In connection with this opinion, we have examined original or copies (in each case, signed, certified or otherwise proven to our satisfaction to be genuine) of: (i) the Plan, (ii) the Company’s Fourth Amended and Restated Certificate of Incorporation, as amended by the Company’s Amendment to the Fourth Amended and Restated Certificate of Incorporation (the “Charter”), (iii) the Second Amended and Restated Bylaws of the Company, as amended by the Company’s First Amendment to the Second Amended and Restated Bylaws of the Company and (iv) resolutions approving the corporate action of the Company authorizing the issuances of the Shares.
In our examination, we have assumed the genuineness of all signatures, the authenticity of all documents submitted to us as original documents, and the conformity to original documents of all documents submitted to us as copies, the legal capacity of natural persons who are signatories to the documents examined by us and the legal power and authority of all persons signing on behalf of parties (other than the Company) to all documents.
In rendering the opinion expressed below, we have assumed that prior to the issuance of any of the Shares, there will exist under the Charter the requisite number of authorized but unissued shares of common stock. In addition, we have assumed (i) the resolutions authorizing the Company to issue the Shares in accordance with the terms and conditions of the Plan will remain in effect and unchanged at all times during which the Shares are issued by the Company, and (ii) the Registration Statement, and any amendments thereto, at the time of issuance of the Shares, will continue to be effective under the Securities Act.
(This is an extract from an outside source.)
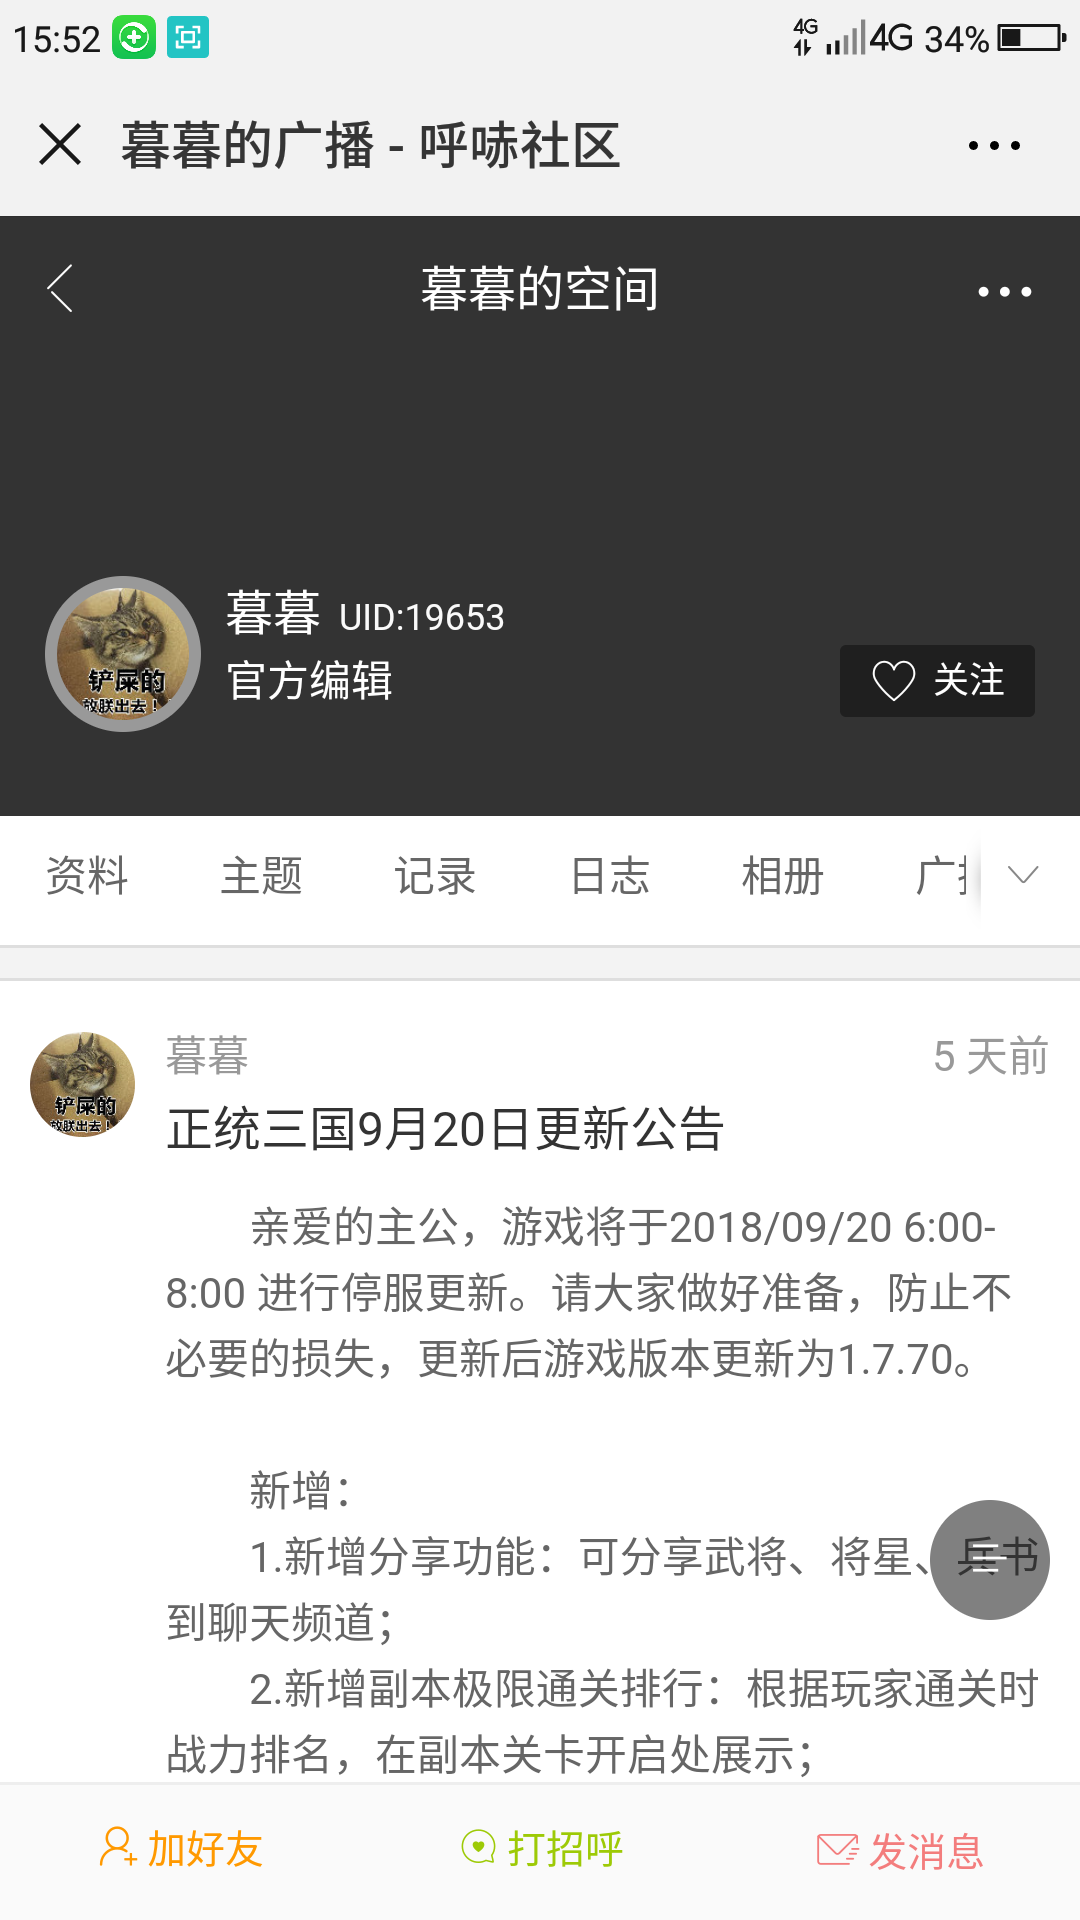 Screenshot_2018-09-19-15-52-23.png
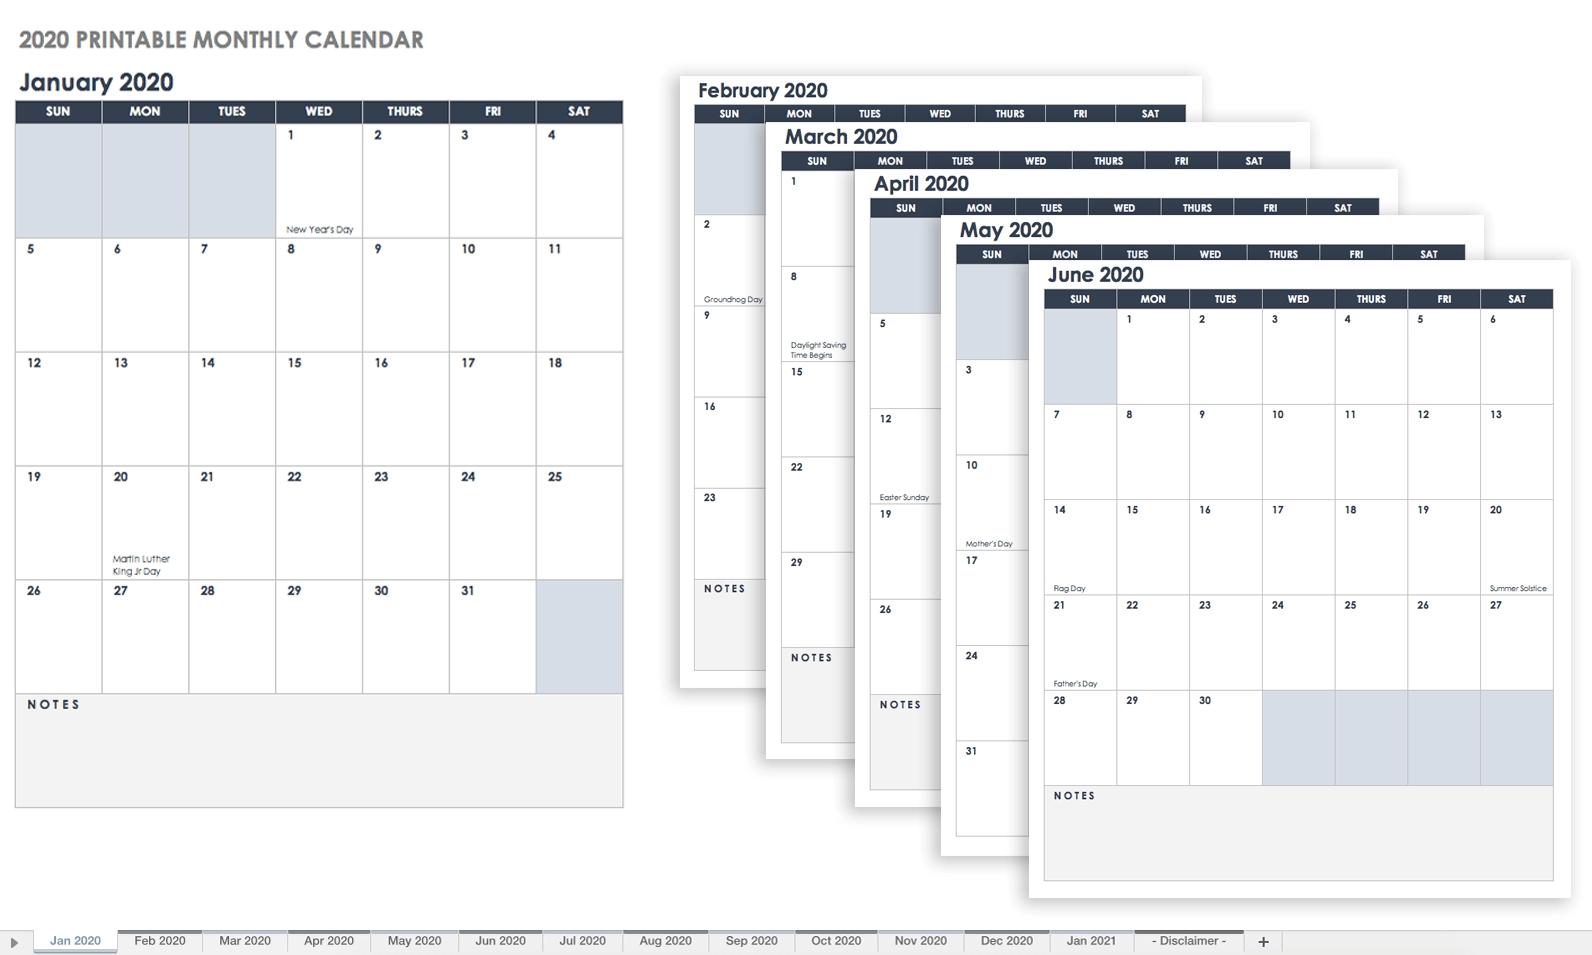 Free Blank Calendar Templates - Smartsheet inside Fill In Monthly Calendar Template

Subject to the foregoing and the other matters set forth herein, it is our opinion that when the Shares shall have been duly registered on the books of the transfer agent and registrar therefor in the name or on behalf of the holder(s) and have been issued by the Company against payment therefor (not less than par value) in the circumstances contemplated by the Plan, assuming in each case that the individual issuances, grants or awards under the Plan are duly authorized by all necessary corporate action and duly issued, granted or awarded and exercised in accordance with the requirements of law and the Plan (and, in each case, the agreements and awards duly adopted thereunder and in accordance therewith), the issue and sale of the Shares will have been duly authorized by all necessary corporate action of the Company, and the Shares will be validly issued, fully paid and non-assessable.
We are members of the Bar of the State of New York and the foregoing opinion is limited to the General Corporation Law of the State of Delaware.
We hereby consent to the filing of this opinion as an exhibit to the Registration Statement. In giving this consent, we do not admit that we are in the category of persons whose consent is required under Section 7 of the Securities Act or the rules and regulations of the Commission thereunder.